Ей, например, очень шёл изумрудный и все оттенки синего. А ещё было бы неплохо заиметь шторы в кабинет. В месте, где нечасто бывает плохая погода, необходимая, знаете ли, вещь.
Внезапный удар маятника прервал вялые размышления женщины. Посмотрев на настенные часы, стрелка которых передвинулась на деление с изображением креста, Мисселина засуетилась. Взяв со стола двусторонний раструб, она приложила его к губам.
– Геральд, у нас гости.
***
Сначала было слово. И слово это было нецензурное.
Виктория открыла глаза. Над ней простиралось бескрайнее небо непривычной, противоестественной голубизны, на котором, словно нарисованные, висели белоснежные перья облаков.
«Красиво, – пронеслось на периферии сознания девушки, - но, дьявол, как же больно!». Она вновь чертыхнулась. Тело буквально пульсировало, словно его разорвали на миллиард клеток, а теперь поспешно собирали обратно.
Когда Виктории было четыре года, она ездила с родителями на озеро Мичиган. В один из дней отец взял её на рыбалку, чему предшествовали долгие слёзные уговоры и шантажистские требования опытной малолетней манипуляторши.
Увидев ряд лодок на берегу, Вики обезумела от радости. Увы, счастье было недолгим. Одна из лодок находилась в процессе ремонта. Сиденье на носу было снято, а удерживающие его болты – нет. На них-то и прилетела охочая до приключений задница ребёнка, огласившего воем всю округу. Возможно, в тот день жители окрестностей уверовали, что в их лесах живёт мичиганский оборотень… Орущую девочку это не волновало.
Так вот, сейчас болело гораздо… ГОРАЗДО сильнее. Особенно досталось голове. «Я упала? – предположила Виктория. – Упала. Потеряла сознание. Получила кровоизлияние. У меня парализовало конечности. И теперь я буду вынуждена коротать свой век в доме инвалидов, изредка навещаемая отцом».
Быстренько живописав эту картину, девушка попробовала пошевелить ногами – ноги шевелились. С руками вышла та же ерунда. Маленький внутренний ипохондрик, впрочем, не спешил униматься: «Значит, у тебя сотрясение мозга, которое несомненно даст осложнения. Начнутся сильная близорукость, постоянные приступы мигрени при смене погоды, возможно даже невралгия в шейном отделе позвоночника, и прозябать остаток жизни ты будешь в компании горба, вина и пятнадцати кошек».
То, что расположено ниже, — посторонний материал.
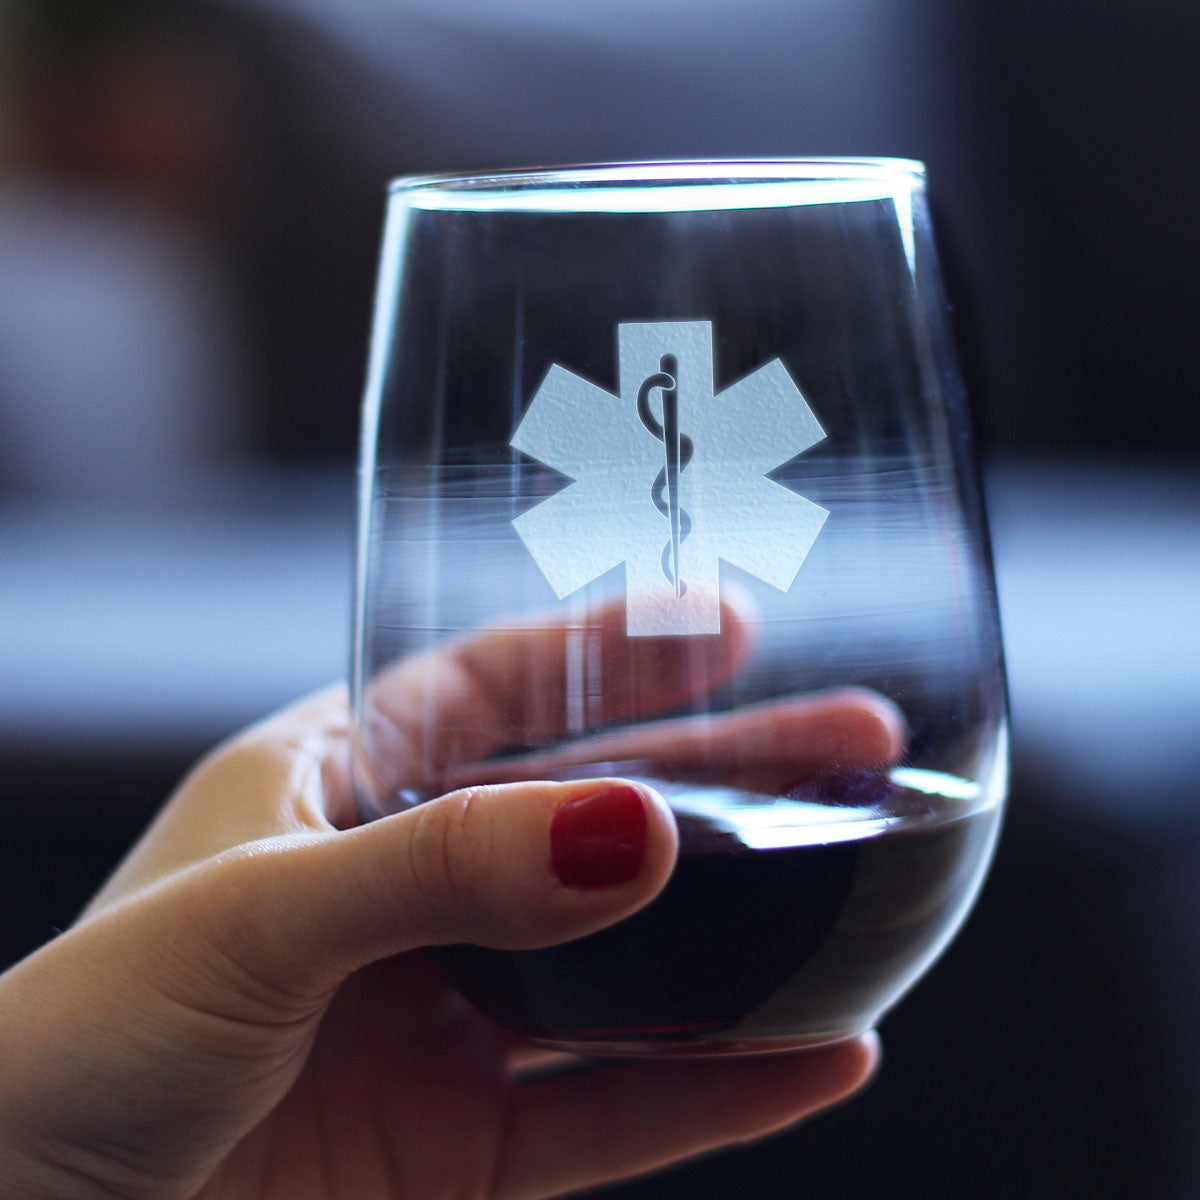 EMT Star of Life Stemless Wine Glass - EMS Themed Gifts for Paramedics and EMTS - Large 17 oz

Виктория пощупала голову пальцами: на удивление, черепушка оказалась цела и невредима. Даже лучше, чем раньше, или так ей почудилось.
– Теперь попробуй сесть, – приказала она сама себе. И сесть получилось.
Картинка вокруг сменилась с неба на фотообои. Именно так Вики думала, пока старательно не потёрла оба глаза и не поразилась. Потому что поразиться было чему: слева от неё простиралось каменное плато, заканчивающееся ущельем, куда с грохотом срывались многочисленные, с клубами пара водопады. С другой стороны раскинулся тропический лес – и это-то в Нью-Джерси! – куда вела хорошо утоптанная песчаная тропа.
– Дорога из жёлтого кирпича… - хмыкнула Виктория. – Ну и к какому Гудвину ты угодила, Дороти?
Попытка встать увенчалась успехом с первого раза. За всеми рассуждениями затуманенного эйфорией сознания девушка не сразу поняла, что боль отступила, а когда сообразила, в голове вновь зазвучал Голос:
– Подойди к ущелью.
Вики нахмурилась. Голос был чужим и бесстрастным, а не её внутренним, хотя определённо звучал где-то в подсознании. Или?..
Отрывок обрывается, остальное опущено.